NAME READY STATUS RESTARTS AGE
po/etcd-ubuntu 0/1 Pending 0 0s
po/kube-controller-manager-ubuntu 0/1 Pending 0 0s
po/kube-dns-6f4fd4bdf-cmcfk 3/3 Running 0 13m
po/kube-proxy-2chb6 1/1 Running 0 13m
po/kube-scheduler-ubuntu 0/1 Pending 0 0s
po/weave-net-ptdxr 2/2 Running 0 11m
I have also tried the second tutorial, with flannel, and get the exact same issue.
My Set Up
I created two new VMs with a fresh installation of Ubuntu 17.10 on VMware with 2 processor/2core 6 GB of ram and 50 GB hard disk each. My physical machine is a i7-6700k with 32gb of ram. I installed kubeadm, kubelet and docker on both of them and then followed the steps as mentioned above.
I have also tried switching between NAT and Bridge on VMware and nothing changed.
The initial IP of both VMs with bridge network was 192.168.100.12 and 192.168.100.17. The hostname -I
for master:
192.168.100.17 172.17.0.1 10.32.0.1 10.32.0.2
The hostname -I
for worker-node:
192.168.100.12 172.17.0.1 10.44.0.0 10.32.0.1
journalctl -xeu kubelet
shows the following:
https://gist.github.com/saad749/9a771a3460bf88c274498b5bc4b7fd84
While trying with flannel (and still the same issue), the result from
kubectl describe nodes
is
https://gist.github.com/saad749/d24c453c8b4e663e9abf572a0fb38bf4
Am I missing any step before kubeadm init? Should I change the IP addresses (to what)? Are there any specific logs I should look into? Is there a more comprehensive tutorial for this? All Issues start after kubeadm join on the worker node, I can deploy the kubernetes on the master node or any other stuff, and it works fine.
UPDATE:
Even after applying the suggestions from errordeveloper, The same issue persists.

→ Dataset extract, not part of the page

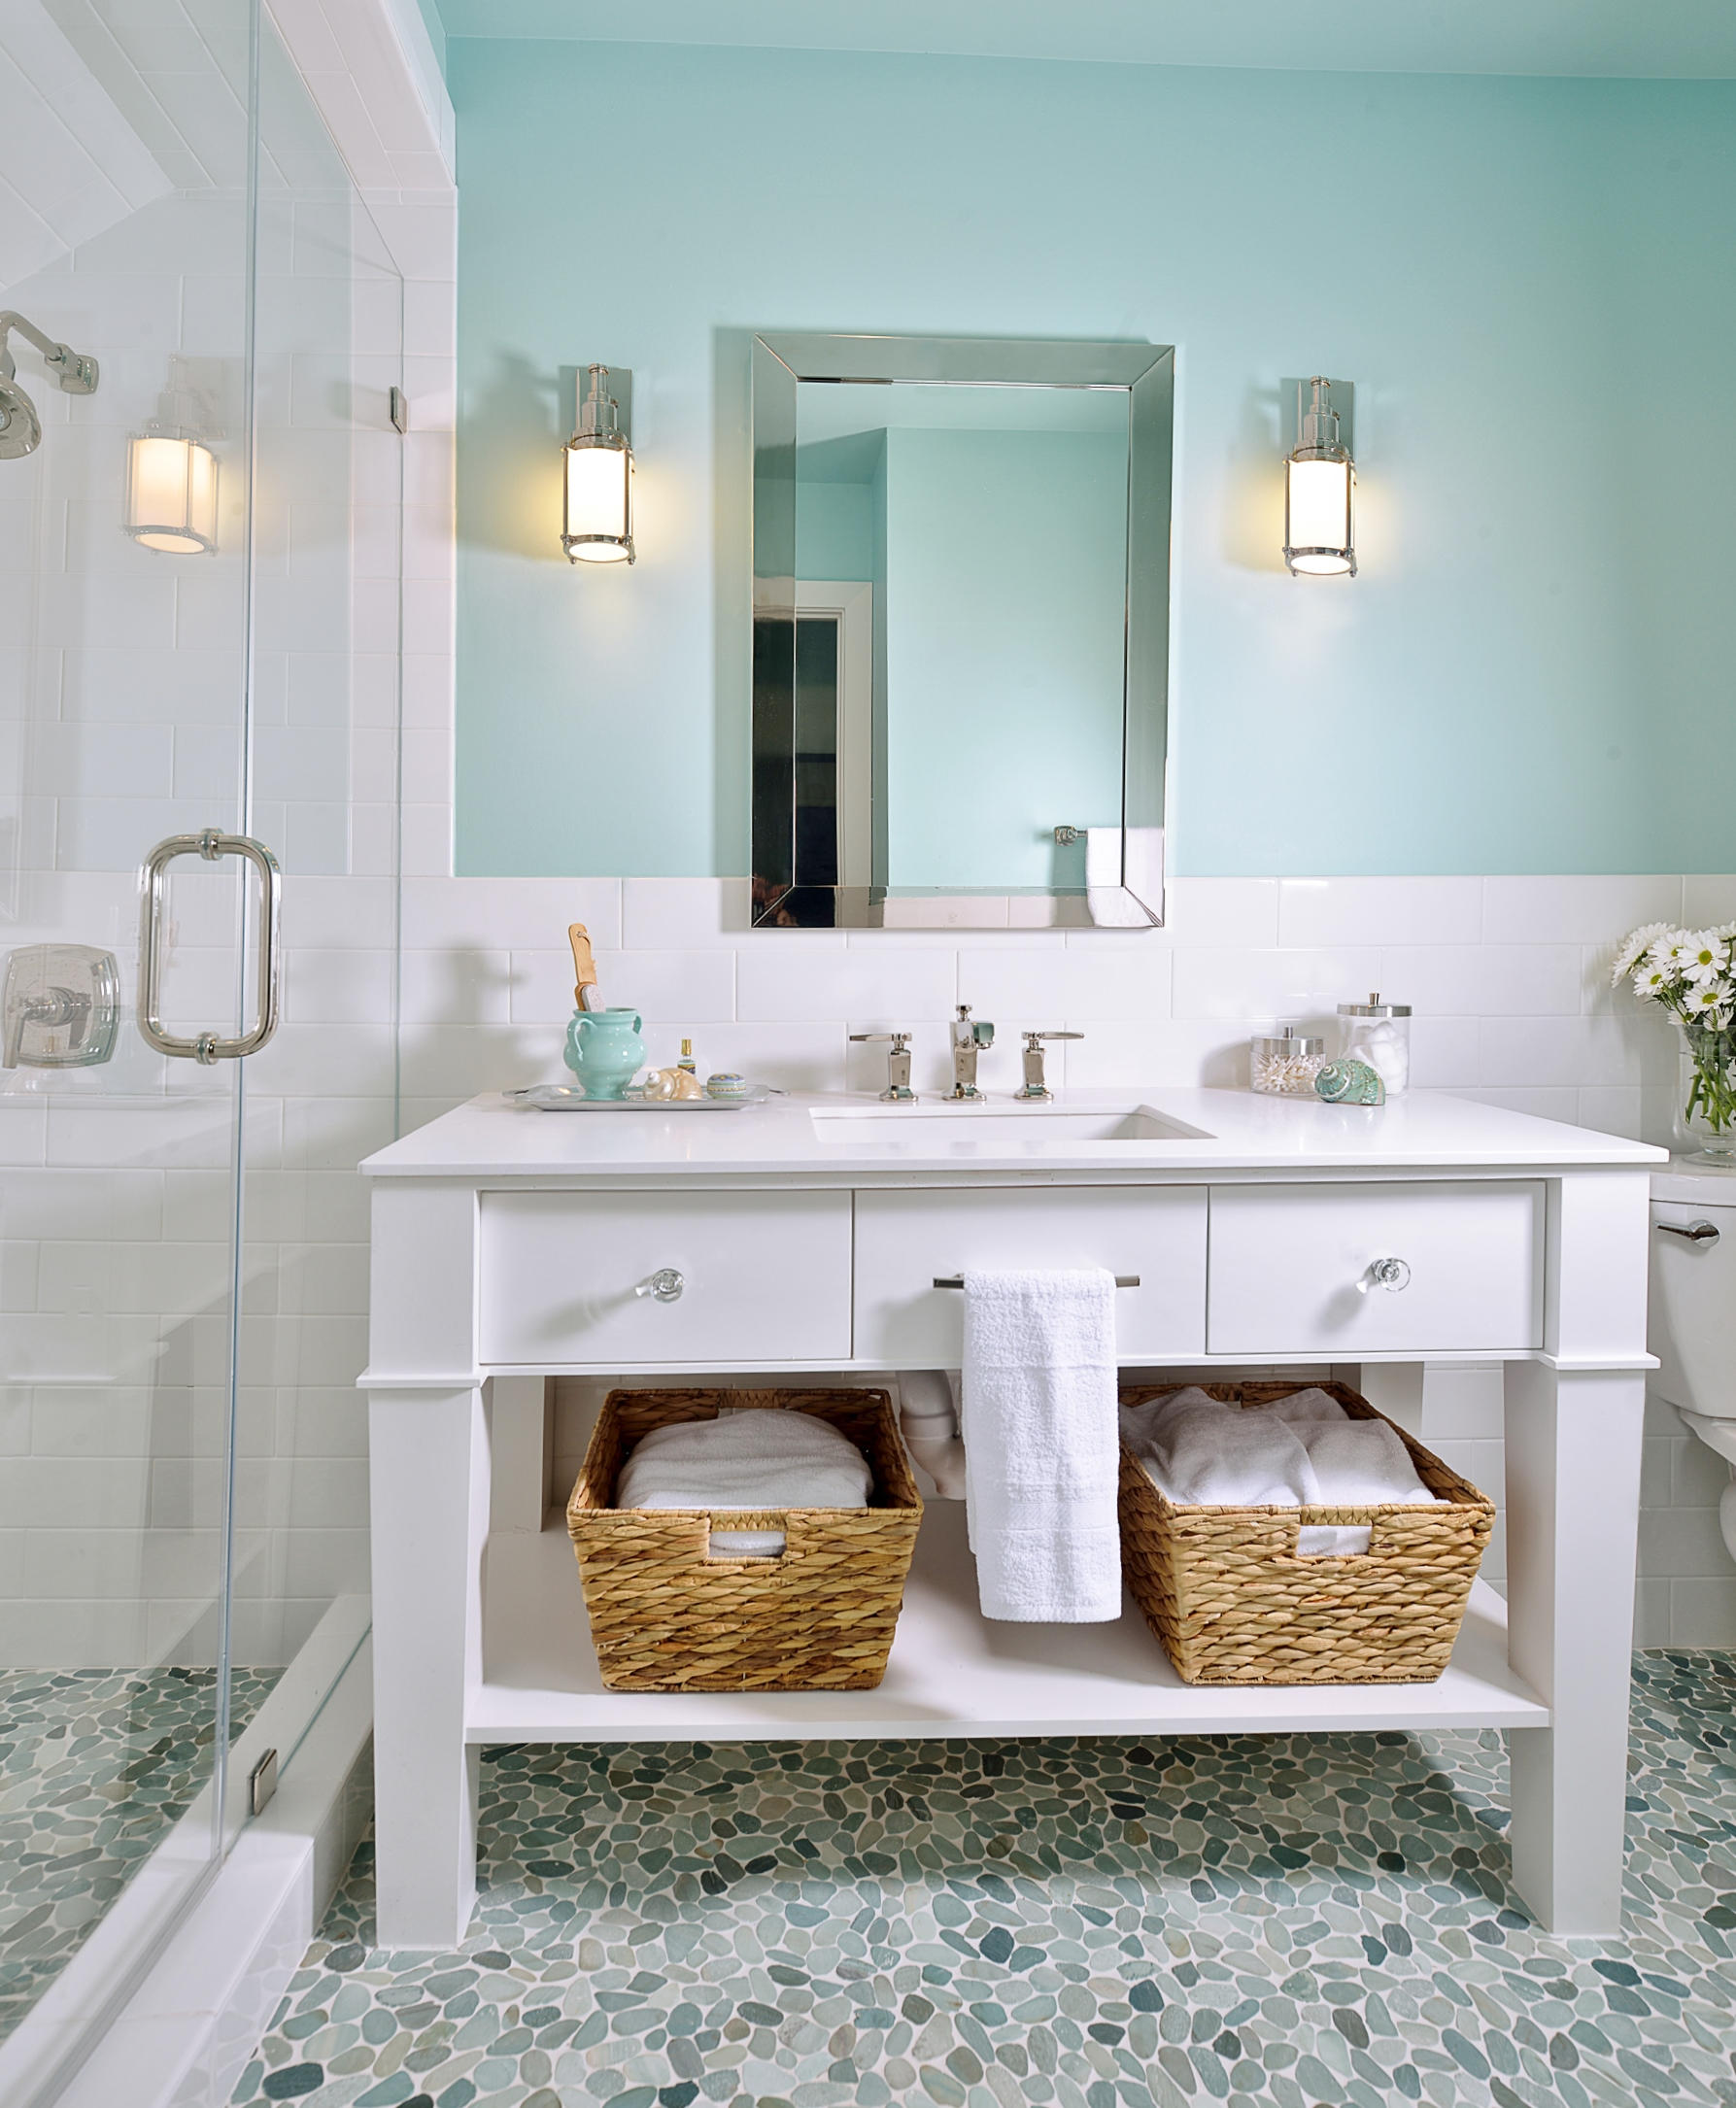 White Vanity In S Bathroom With Pebble Tile Floor Carla Aston Designer

I add the following flag to kubeadm init:
--apiserver-advertise-address 192.168.100.17
I updated the kubeadm.conf to following and did reload and restart: https://gist.github.com/saad749/c7149c87ec3e75a40586f626cf04279a
and also tried changing the cluster dns https://gist.github.com/saad749/5fa66bebc22841e58119333e75600e40
This the log from after initializing the master:
kube-master@ubuntu:~$ kubectl get pod --all-namespaces -o wide
NAMESPACE NAME READY STATUS RESTARTS AGE IP NODE
kube-system etcd-ubuntu 1/1 Running 0 22s 192.168.100.17 ubuntu
kube-system kube-apiserver-ubuntu 1/1 Running 0 29s 192.168.100.17 ubuntu
kube-system kube-controller-manager-ubuntu 1/1 Running 0 13s 192.168.100.17 ubuntu
kube-system kube-dns-6f4fd4bdf-wfqhb 3/3 Running 0 1m 10.32.0.7 ubuntu
kube-system kube-proxy-h4hz9 1/1 Running 0 1m 192.168.100.17 ubuntu
kube-system kube-scheduler-ubuntu 1/1 Running 0 34s 192.168.100.17 ubuntu
kube-system weave-net-fkgnh 2/2 Running 0 32s 192.168.100.17 ubuntu
The hostname -i results:
kube-master@ubuntu:~$ hostname -I
192.168.100.17 172.17.0.1 10.32.0.1 10.32.0.2 10.32.0.3 10.32.0.4 10.32.0.5 10.32.0.6 10.244.0.0 10.244.0.1
kube-master@ubuntu:~$ hostname -i
192.168.100.17
Results from:
kubectl describe nodes
https://gist.github.com/saad749/8f460650182a04d0ddf3158a52761a9a
The Internal IP seems correct now.
After joining from second node, this happens:
kube-master@ubuntu:~$ kubectl get nodes
NAME STATUS ROLES AGE VERSION
ubuntu Ready master 49m v1.9.3
kube-master@ubuntu:~$ kubectl get pod --all-namespaces -o wide
NAMESPACE NAME READY STATUS RESTARTS AGE IP NODE
kube-system kube-controller-manager-ubuntu 0/1 Pending 0 0s <none> ubuntu
kube-system kube-dns-6f4fd4bdf-wfqhb 0/3 ContainerCreating 0 49m <none> ubuntu
kube-system kube-proxy-h4hz9 1/1 Running 0 49m 192.168.100.17 ubuntu
kube-system kube-scheduler-ubuntu 1/1 Running 0 1s 192.168.100.17 ubuntu
kube-system weave-net-fkgnh 2/2 Running 0 48m 192.168.100.17 ubuntu
ifconfig -a results:
https://gist.github.com/saad749/63a5a52bd3246ff72477b2aca7d158d0
journalctl -xeu kubelet results
https://gist.github.com/saad749/8a60870b35f93df8565e66cb208aff32
Sometimes, the pods IP is shown at 192.168.100.12 which is the IP of the non-master second node.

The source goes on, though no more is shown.